Work instruction:
Word for word, transcribe the data below from the line with "Apple iPad mini colors 09142021" to the line with "Michelle Wilson Fun Facts", keeping both of those lines.

----

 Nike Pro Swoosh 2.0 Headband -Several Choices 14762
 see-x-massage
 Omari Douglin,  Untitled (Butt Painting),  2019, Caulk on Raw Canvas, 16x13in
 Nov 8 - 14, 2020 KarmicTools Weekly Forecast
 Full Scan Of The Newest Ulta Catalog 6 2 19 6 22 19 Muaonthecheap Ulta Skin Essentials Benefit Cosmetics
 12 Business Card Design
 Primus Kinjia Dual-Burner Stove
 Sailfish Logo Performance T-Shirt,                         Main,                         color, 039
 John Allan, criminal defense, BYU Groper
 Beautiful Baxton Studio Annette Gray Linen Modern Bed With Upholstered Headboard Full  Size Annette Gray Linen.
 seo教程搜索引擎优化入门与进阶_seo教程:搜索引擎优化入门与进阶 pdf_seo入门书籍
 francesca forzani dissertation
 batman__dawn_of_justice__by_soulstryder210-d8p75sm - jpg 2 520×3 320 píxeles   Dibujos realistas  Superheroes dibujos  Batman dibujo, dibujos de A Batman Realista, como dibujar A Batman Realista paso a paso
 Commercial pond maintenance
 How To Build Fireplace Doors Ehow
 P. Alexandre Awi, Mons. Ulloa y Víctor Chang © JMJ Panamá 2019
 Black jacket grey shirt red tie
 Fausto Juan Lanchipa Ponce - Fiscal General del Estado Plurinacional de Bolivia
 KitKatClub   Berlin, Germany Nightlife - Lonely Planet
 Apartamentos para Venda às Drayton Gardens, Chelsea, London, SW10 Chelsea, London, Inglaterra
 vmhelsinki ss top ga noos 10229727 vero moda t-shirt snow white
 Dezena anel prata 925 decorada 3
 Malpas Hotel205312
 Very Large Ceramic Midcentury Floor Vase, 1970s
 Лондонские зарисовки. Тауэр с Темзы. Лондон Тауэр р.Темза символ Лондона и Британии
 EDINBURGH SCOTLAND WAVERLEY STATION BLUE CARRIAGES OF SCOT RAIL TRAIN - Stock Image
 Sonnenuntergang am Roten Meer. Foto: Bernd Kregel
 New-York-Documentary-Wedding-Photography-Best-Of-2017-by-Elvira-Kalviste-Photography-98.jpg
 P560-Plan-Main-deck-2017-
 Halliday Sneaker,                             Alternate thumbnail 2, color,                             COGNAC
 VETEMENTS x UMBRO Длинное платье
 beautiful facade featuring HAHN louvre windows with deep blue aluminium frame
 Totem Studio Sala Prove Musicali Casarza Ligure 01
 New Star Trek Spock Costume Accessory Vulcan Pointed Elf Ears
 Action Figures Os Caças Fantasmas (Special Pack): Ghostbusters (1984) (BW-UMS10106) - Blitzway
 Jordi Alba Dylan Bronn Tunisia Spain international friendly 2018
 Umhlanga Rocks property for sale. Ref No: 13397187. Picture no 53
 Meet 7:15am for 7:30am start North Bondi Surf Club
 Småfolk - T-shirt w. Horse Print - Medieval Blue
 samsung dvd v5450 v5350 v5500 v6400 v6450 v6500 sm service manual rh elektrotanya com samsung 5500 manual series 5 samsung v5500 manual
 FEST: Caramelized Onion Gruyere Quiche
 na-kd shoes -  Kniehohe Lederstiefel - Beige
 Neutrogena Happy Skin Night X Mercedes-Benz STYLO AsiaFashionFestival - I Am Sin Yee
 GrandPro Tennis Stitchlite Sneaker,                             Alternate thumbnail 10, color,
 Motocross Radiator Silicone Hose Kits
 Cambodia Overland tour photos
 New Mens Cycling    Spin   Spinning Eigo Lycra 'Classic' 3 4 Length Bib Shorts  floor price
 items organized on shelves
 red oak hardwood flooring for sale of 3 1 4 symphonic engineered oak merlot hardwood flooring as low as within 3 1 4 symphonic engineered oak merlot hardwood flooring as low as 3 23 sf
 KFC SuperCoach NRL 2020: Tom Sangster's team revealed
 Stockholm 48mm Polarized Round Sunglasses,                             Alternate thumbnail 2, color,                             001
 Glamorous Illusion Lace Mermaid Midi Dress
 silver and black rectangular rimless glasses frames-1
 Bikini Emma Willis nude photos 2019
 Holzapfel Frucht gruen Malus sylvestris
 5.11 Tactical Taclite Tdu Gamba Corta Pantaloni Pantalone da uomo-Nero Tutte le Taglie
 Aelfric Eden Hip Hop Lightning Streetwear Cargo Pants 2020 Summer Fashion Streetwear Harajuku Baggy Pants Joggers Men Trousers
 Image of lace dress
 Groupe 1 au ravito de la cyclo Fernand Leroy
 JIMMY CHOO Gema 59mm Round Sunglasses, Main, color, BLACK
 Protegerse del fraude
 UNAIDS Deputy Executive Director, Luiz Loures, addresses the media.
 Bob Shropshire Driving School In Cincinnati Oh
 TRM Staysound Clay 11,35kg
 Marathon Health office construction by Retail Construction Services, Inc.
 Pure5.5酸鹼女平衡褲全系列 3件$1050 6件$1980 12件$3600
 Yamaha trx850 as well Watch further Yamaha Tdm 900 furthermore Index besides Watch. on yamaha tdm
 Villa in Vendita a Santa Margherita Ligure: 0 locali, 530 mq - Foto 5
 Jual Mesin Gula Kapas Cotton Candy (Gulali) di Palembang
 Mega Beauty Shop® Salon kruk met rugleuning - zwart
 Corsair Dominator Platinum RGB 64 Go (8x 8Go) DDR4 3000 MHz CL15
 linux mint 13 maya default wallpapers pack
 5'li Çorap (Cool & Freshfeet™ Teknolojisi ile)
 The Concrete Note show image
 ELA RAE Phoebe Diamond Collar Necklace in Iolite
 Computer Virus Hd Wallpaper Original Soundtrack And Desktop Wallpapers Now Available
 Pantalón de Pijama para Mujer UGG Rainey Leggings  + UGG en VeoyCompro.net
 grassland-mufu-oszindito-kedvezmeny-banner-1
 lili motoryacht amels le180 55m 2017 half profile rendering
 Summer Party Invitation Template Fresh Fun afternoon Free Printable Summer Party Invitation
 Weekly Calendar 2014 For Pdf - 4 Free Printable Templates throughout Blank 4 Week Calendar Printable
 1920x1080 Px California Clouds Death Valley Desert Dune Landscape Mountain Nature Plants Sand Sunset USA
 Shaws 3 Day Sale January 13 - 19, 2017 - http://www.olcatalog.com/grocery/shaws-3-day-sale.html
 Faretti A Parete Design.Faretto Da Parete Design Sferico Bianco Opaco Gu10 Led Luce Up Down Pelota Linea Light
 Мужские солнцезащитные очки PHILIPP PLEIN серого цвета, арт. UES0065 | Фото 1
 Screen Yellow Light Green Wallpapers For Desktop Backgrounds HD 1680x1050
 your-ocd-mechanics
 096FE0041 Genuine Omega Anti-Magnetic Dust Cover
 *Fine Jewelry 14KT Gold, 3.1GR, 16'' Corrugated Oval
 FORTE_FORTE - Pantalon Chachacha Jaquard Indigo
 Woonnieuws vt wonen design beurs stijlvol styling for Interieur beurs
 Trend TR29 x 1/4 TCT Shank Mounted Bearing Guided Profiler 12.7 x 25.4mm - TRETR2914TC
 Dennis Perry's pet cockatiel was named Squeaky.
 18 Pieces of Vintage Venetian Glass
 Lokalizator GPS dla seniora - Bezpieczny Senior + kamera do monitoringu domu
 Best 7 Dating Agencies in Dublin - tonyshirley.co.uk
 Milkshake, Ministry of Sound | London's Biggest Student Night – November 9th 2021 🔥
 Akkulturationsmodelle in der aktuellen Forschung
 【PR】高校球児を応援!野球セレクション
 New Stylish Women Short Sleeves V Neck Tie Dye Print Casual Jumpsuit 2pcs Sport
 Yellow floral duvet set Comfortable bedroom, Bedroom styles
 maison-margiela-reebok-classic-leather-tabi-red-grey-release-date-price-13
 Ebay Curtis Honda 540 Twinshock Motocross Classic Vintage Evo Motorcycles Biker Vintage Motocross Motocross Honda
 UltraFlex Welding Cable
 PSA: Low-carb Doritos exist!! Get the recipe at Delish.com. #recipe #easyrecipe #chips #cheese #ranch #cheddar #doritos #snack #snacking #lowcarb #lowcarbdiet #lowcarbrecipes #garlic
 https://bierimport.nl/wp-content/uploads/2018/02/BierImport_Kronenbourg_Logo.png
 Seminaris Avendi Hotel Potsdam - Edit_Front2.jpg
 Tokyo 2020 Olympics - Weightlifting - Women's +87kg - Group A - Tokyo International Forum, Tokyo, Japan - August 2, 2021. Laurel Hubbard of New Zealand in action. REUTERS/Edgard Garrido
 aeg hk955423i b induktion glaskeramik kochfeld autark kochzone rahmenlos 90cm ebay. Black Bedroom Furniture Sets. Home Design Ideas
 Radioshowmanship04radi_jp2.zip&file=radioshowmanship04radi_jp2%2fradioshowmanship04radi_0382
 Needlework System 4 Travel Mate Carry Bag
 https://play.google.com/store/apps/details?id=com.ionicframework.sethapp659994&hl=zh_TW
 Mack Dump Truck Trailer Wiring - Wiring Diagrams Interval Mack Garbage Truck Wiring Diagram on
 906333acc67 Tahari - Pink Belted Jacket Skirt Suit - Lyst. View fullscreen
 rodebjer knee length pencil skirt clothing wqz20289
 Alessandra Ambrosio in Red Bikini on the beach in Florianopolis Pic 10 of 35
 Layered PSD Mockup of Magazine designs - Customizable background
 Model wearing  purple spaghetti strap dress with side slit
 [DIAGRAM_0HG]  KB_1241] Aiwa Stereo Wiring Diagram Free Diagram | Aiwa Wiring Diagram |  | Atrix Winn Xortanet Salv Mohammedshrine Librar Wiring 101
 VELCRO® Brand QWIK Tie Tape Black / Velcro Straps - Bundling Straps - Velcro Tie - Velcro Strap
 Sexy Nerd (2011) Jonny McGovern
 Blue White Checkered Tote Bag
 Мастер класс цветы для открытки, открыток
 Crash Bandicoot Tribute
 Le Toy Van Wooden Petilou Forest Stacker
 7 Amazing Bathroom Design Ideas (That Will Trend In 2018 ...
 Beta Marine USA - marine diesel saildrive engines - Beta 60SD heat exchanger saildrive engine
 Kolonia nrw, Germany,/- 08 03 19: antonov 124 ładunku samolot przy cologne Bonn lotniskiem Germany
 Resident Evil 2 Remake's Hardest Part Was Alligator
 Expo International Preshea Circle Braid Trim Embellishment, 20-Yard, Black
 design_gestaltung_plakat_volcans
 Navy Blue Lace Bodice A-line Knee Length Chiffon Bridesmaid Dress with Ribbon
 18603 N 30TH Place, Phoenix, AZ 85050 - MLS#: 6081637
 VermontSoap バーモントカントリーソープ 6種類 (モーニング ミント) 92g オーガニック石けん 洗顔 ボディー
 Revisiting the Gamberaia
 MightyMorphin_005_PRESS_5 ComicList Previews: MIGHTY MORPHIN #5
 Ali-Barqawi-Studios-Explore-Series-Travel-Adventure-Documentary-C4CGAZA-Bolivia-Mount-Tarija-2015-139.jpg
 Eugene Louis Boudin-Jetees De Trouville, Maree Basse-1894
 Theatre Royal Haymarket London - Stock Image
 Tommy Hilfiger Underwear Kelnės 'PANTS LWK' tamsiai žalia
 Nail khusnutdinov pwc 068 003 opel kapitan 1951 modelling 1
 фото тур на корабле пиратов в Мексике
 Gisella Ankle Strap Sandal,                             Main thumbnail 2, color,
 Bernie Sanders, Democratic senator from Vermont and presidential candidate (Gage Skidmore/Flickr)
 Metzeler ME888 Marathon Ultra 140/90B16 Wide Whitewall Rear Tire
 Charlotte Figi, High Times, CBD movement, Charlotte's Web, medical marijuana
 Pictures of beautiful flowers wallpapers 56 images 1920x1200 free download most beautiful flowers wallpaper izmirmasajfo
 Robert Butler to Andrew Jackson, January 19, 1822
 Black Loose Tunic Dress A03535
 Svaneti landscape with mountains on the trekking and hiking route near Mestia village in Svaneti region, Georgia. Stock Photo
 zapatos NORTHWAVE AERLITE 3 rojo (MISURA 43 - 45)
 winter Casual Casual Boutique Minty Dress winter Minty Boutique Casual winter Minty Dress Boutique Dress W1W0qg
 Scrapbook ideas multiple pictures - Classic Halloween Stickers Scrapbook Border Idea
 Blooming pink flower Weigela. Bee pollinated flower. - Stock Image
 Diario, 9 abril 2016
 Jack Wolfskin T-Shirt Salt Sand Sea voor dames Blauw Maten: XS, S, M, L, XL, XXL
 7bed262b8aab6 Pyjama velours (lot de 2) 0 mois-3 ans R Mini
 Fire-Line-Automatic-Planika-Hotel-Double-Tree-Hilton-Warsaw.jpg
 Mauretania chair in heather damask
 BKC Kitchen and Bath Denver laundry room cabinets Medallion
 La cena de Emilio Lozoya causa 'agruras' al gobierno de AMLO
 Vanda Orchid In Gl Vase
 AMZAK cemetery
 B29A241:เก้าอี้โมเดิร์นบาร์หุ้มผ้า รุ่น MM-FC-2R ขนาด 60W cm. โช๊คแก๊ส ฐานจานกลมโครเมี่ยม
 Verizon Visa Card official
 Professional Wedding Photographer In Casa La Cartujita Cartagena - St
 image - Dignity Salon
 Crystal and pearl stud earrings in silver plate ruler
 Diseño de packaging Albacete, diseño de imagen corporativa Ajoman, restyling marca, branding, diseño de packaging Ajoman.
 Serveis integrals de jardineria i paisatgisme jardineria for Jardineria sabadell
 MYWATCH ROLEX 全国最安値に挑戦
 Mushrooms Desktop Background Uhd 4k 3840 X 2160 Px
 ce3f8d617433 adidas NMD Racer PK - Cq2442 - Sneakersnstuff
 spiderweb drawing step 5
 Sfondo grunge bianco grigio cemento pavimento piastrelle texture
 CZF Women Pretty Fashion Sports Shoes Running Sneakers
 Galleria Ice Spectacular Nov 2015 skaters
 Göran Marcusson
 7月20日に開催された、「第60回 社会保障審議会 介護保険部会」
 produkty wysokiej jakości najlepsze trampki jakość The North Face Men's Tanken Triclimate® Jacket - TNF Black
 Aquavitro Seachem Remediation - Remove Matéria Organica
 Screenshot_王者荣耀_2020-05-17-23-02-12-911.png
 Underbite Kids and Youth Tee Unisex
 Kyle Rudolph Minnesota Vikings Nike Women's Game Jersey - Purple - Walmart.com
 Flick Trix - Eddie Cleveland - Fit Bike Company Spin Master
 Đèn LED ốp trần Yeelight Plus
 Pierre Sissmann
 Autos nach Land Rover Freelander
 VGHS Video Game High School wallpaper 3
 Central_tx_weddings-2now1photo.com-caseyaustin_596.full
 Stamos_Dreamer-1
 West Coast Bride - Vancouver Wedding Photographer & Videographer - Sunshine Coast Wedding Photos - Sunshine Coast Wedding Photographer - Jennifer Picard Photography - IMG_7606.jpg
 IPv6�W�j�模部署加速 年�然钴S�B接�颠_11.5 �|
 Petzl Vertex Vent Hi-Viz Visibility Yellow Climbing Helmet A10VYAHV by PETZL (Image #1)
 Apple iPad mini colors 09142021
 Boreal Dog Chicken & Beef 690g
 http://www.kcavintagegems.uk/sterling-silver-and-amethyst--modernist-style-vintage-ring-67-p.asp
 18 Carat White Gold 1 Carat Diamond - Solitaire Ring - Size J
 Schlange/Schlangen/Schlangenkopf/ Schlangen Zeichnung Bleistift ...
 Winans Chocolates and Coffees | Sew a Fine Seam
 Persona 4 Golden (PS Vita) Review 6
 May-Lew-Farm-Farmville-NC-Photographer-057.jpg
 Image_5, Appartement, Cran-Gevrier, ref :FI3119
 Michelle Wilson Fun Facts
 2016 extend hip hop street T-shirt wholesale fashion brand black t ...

----

Exercise output:
 Apple iPad mini colors 09142021
 Boreal Dog Chicken & Beef 690g
 http://www.kcavintagegems.uk/sterling-silver-and-amethyst--modernist-style-vintage-ring-67-p.asp
 18 Carat White Gold 1 Carat Diamond - Solitaire Ring - Size J
 Schlange/Schlangen/Schlangenkopf/ Schlangen Zeichnung Bleistift ...
 Winans Chocolates and Coffees | Sew a Fine Seam
 Persona 4 Golden (PS Vita) Review 6
 May-Lew-Farm-Farmville-NC-Photographer-057.jpg
 Image_5, Appartement, Cran-Gevrier, ref :FI3119
 Michelle Wilson Fun Facts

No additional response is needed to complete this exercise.